Dataset content:
*****

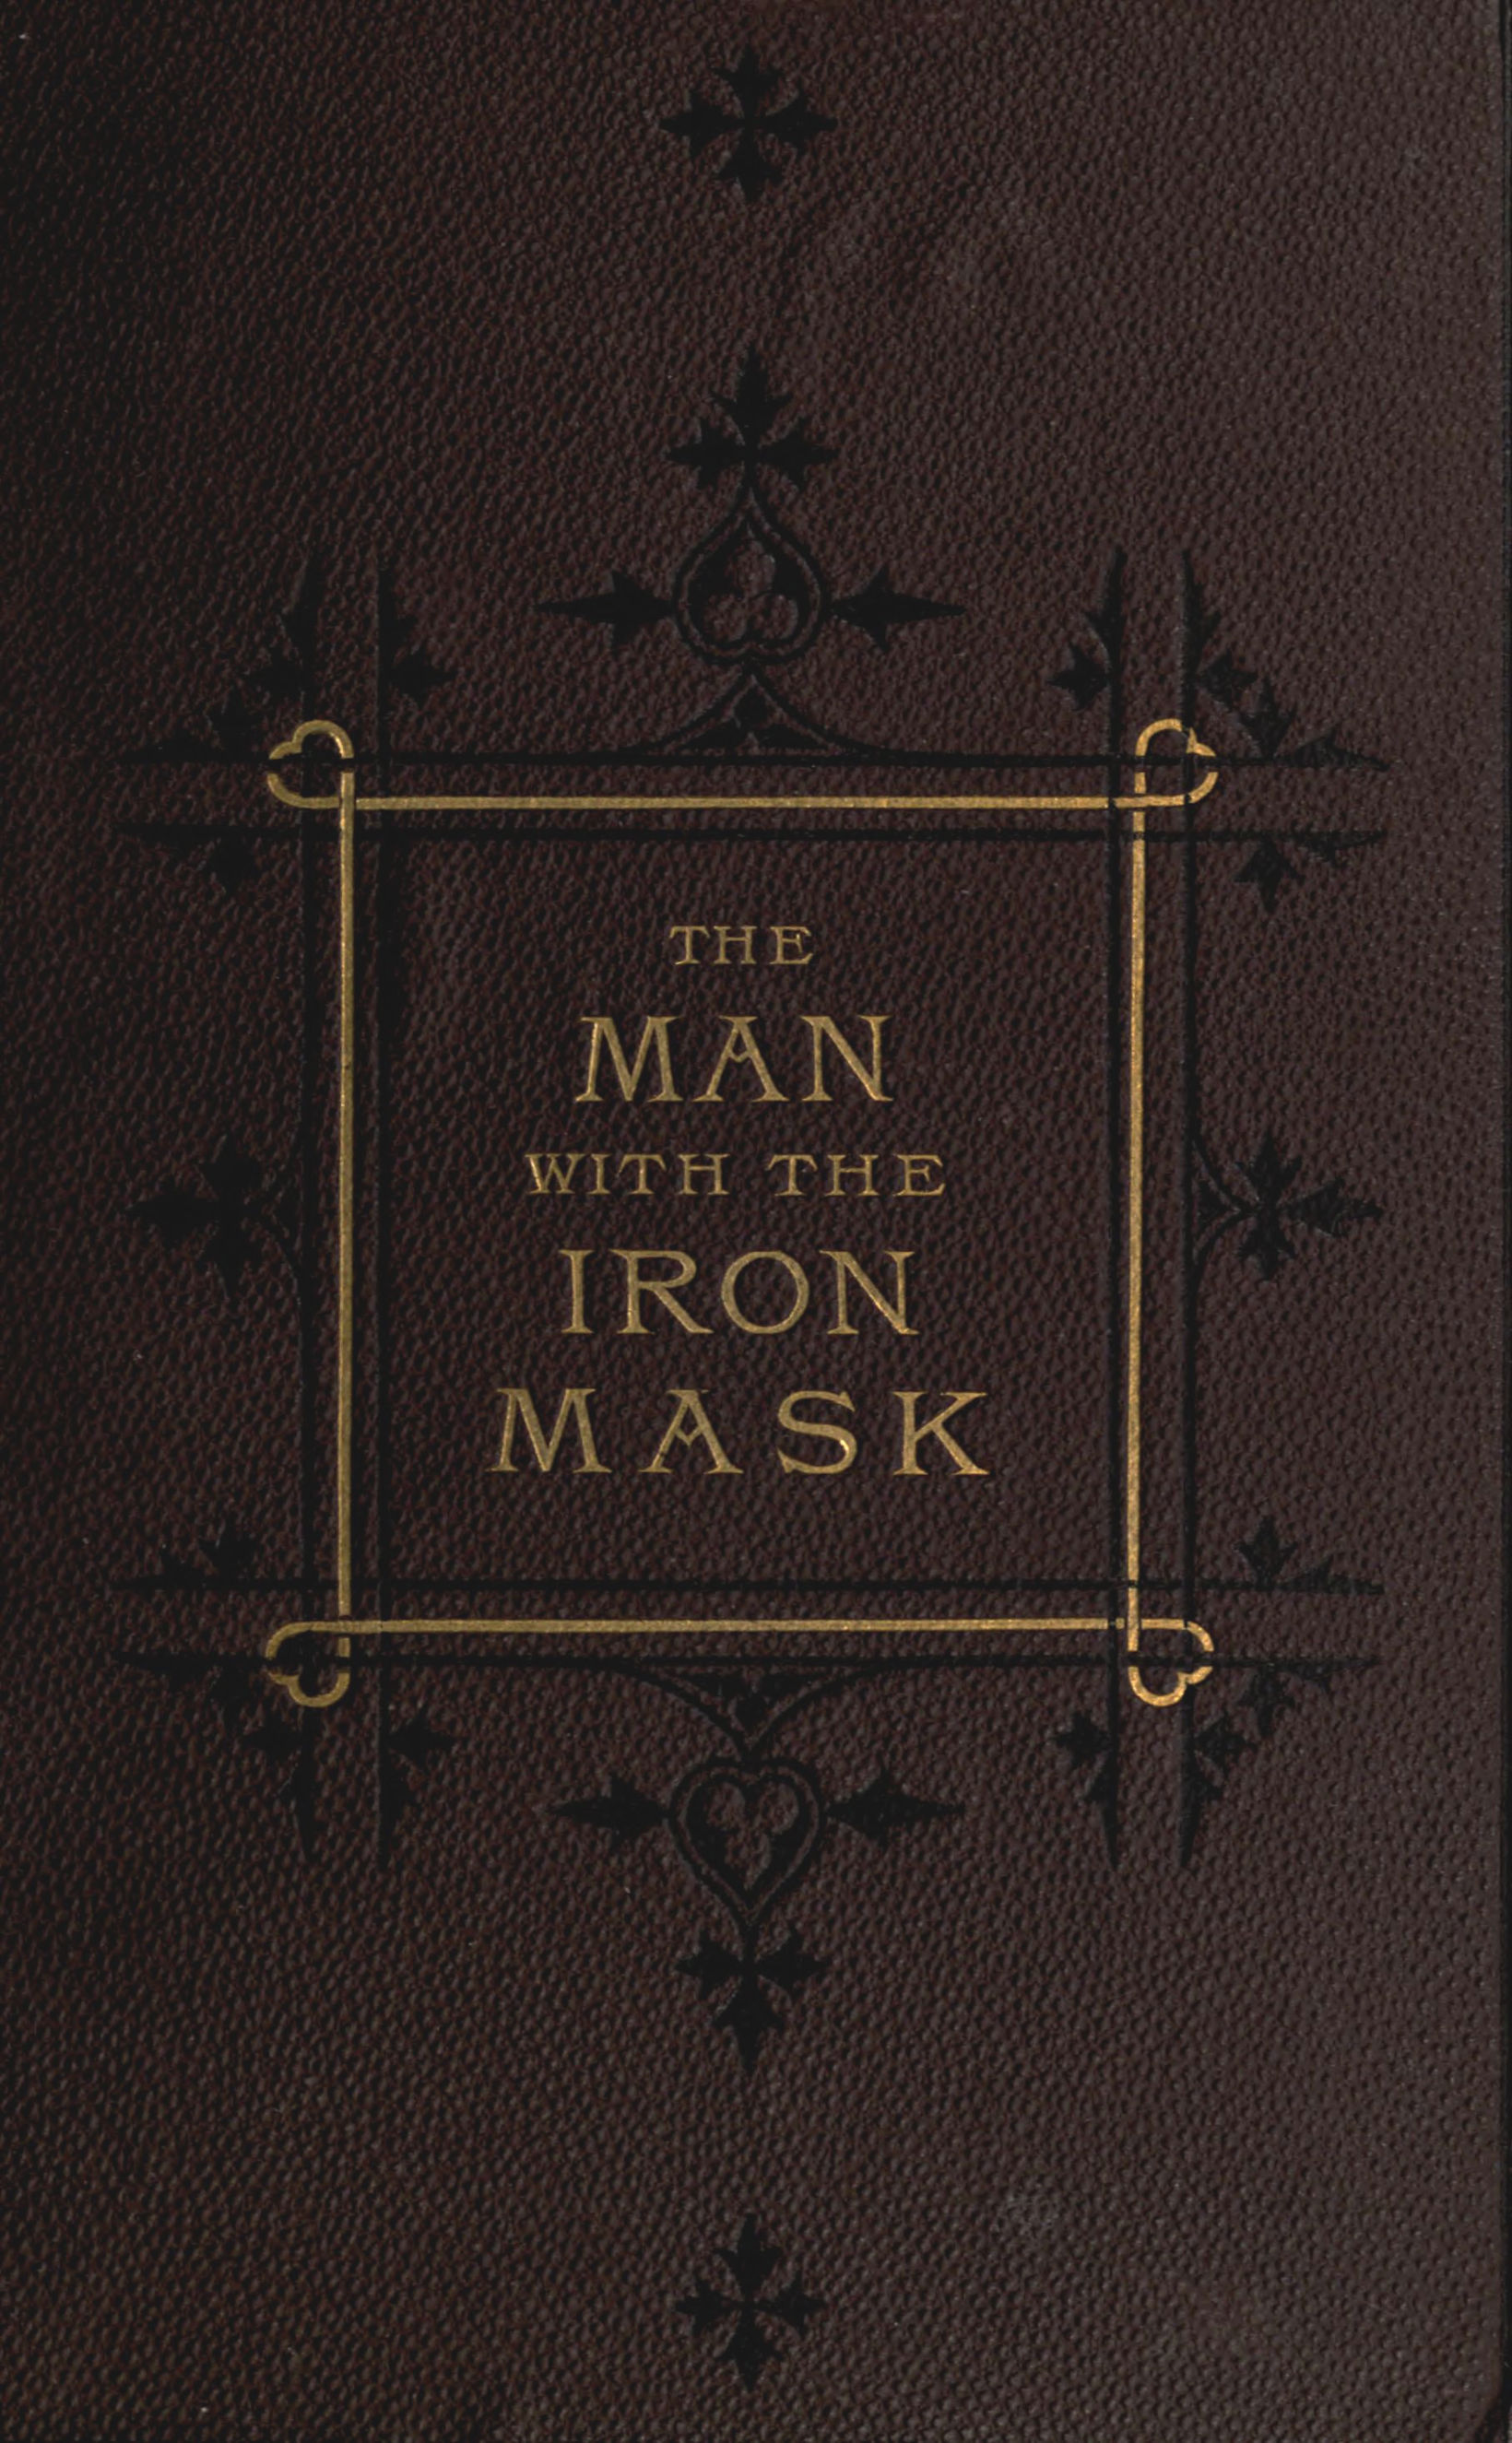 The man with the iron mask
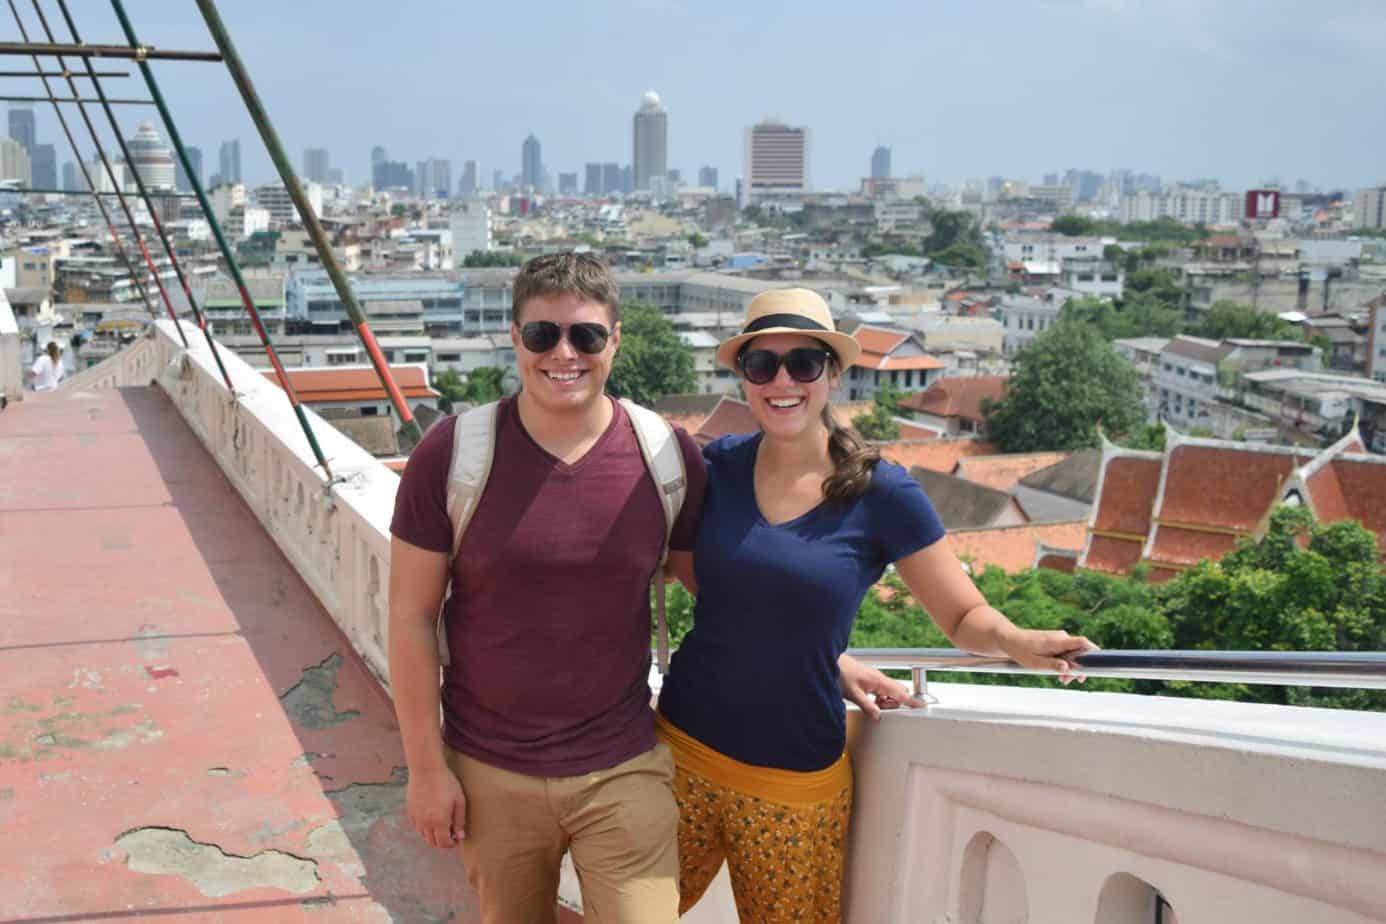 A couple holds one another and poses with a city skyline behind them.
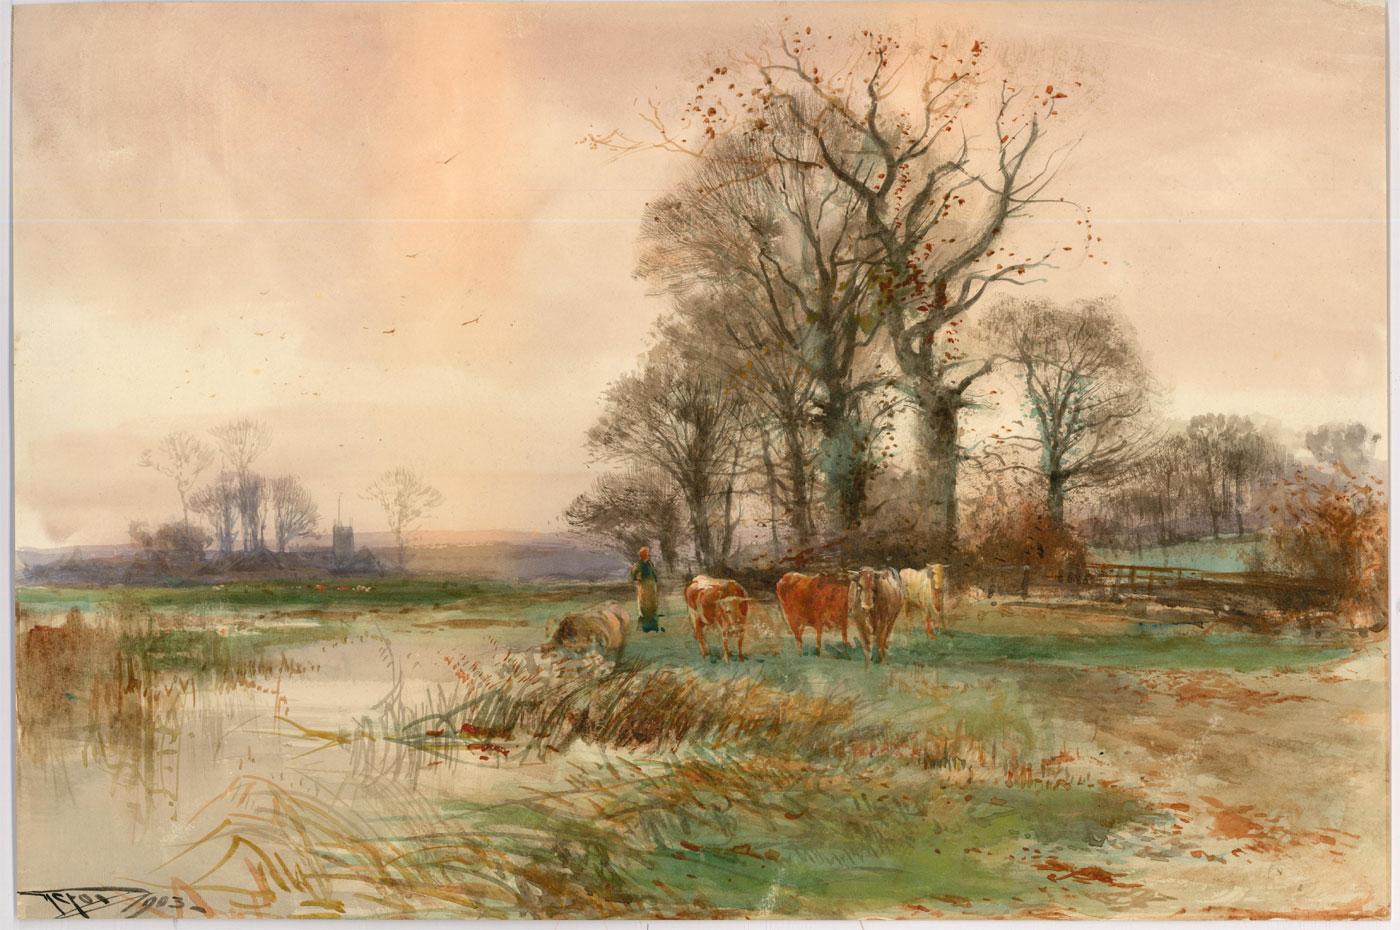 Henry Charles Fox (1860-1929) - 1903 Watercolour, Roxton on the Ouse 1

*****

Your goal: Word for word, reproduce all of the data, but keep out the pictures.

Exercise answer:
 The man with the iron mask
 A couple holds one another and poses with a city skyline behind them.
 Henry Charles Fox (1860-1929) - 1903 Watercolour, Roxton on the Ouse 1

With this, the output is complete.